Learn how we tackle duplicate entries in your data.
To ensure data cleanliness when uploading new customer or order data via CSV files in the Sources console, we’ll first check to make sure that the file(s) don’t contain duplicate data.Faraday removes duplicates based on the option selected in the Use a column to identify duplicate rows? section of the File Handling settings.
You'll have two options to choose from in this section:
-
Any column from the data provided (i.e. id, customer_id, order_id, etc.)
-
No - Faraday will automatically identify duplicate rows (default)

If you select an option like id, Faraday will review the data provided and keep only the most recent record with the same id. Let’s look at a simple example to illustrate this better.

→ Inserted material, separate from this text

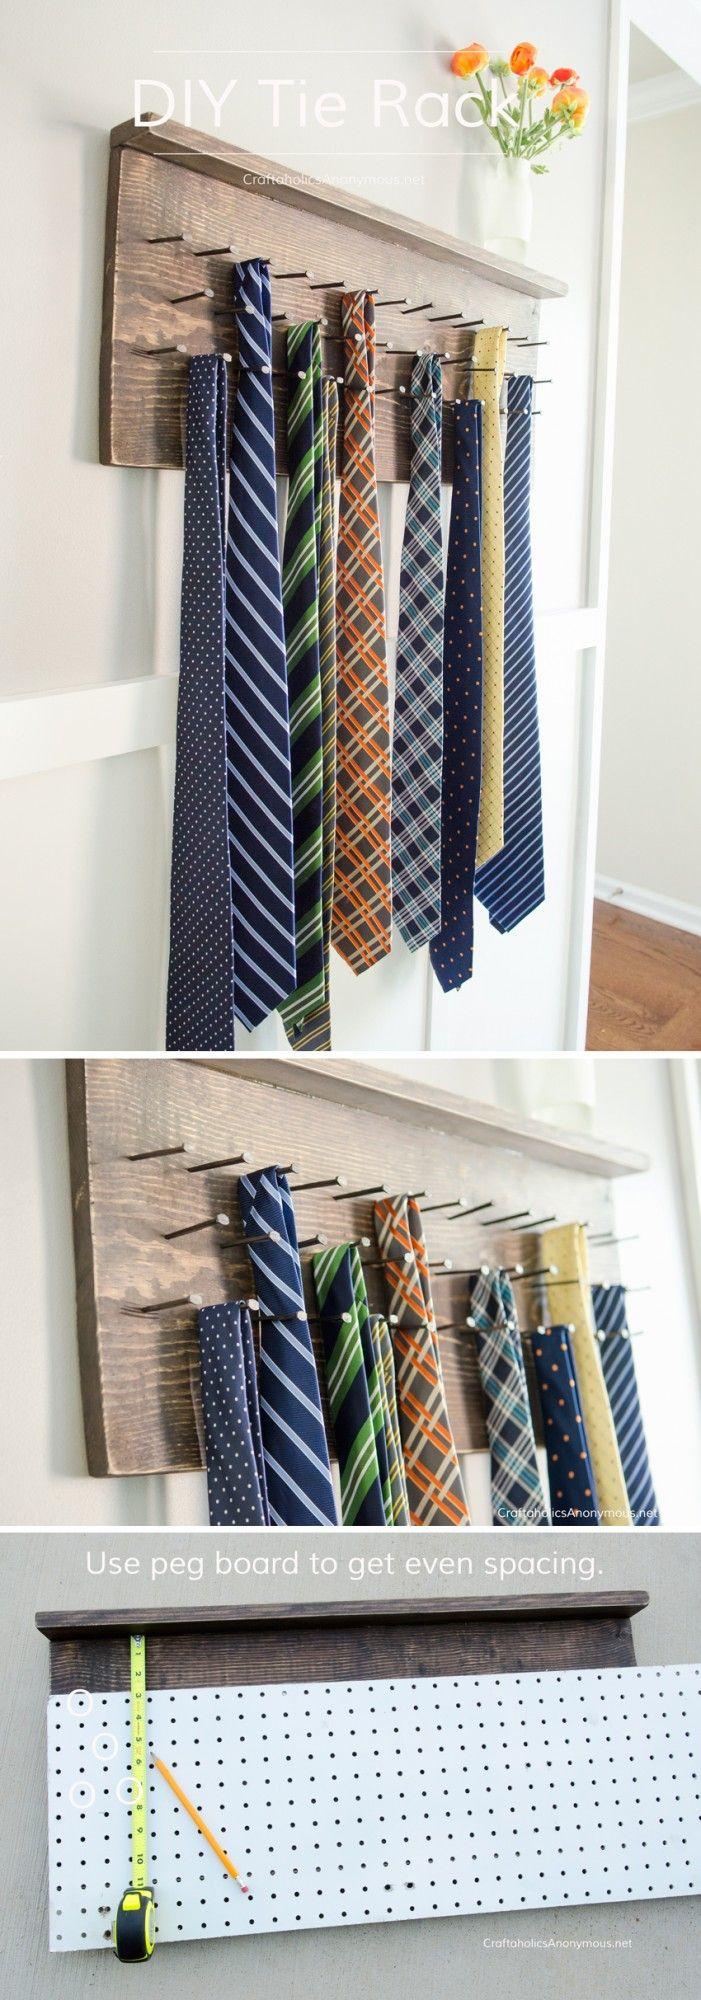 Rustic Wood Tie Rack DIY tutorial

Example: Selecting the Merge all files option with id as the column to identify duplicate rows.
A file containing info on each customer, ‘File 1', was provided on October 1st. Inside File 1 is the following data:
id |
name |
total_order_value |
last_order_date |
1234 |
Bob Smith |
$100 |
September 15th |
A new file containing info on each customer, ‘File 2’, was provided on November 1st. Inside 'File 2' is the following data:
id |
name |
total_order_value |
last_order_date |
1234 |
Bob Smith |
$150 |
October 15th |
So, what data would Faraday keep based on the selections made in File Handling Settings? Well, only the most recent data! We would look to see that the id, 1234, is identical in both cases and therefore drop the older record and keep the new one when Merge all files is selected. This way, we can ensure that the dataset we use is up-to-date. Your data may be refreshed in this manner on demand through the console.
Now you may be asking, what if I select the No - Faraday will automatically identify duplicate rows (default) option? How does Faraday know what a duplicate is?
When automatically identifying duplicate rows, we assign a unique identifier to each row of your data. When we come across two rows of data with the exact same values in each column–therefore they both have the same unique identifier–we remove the older one.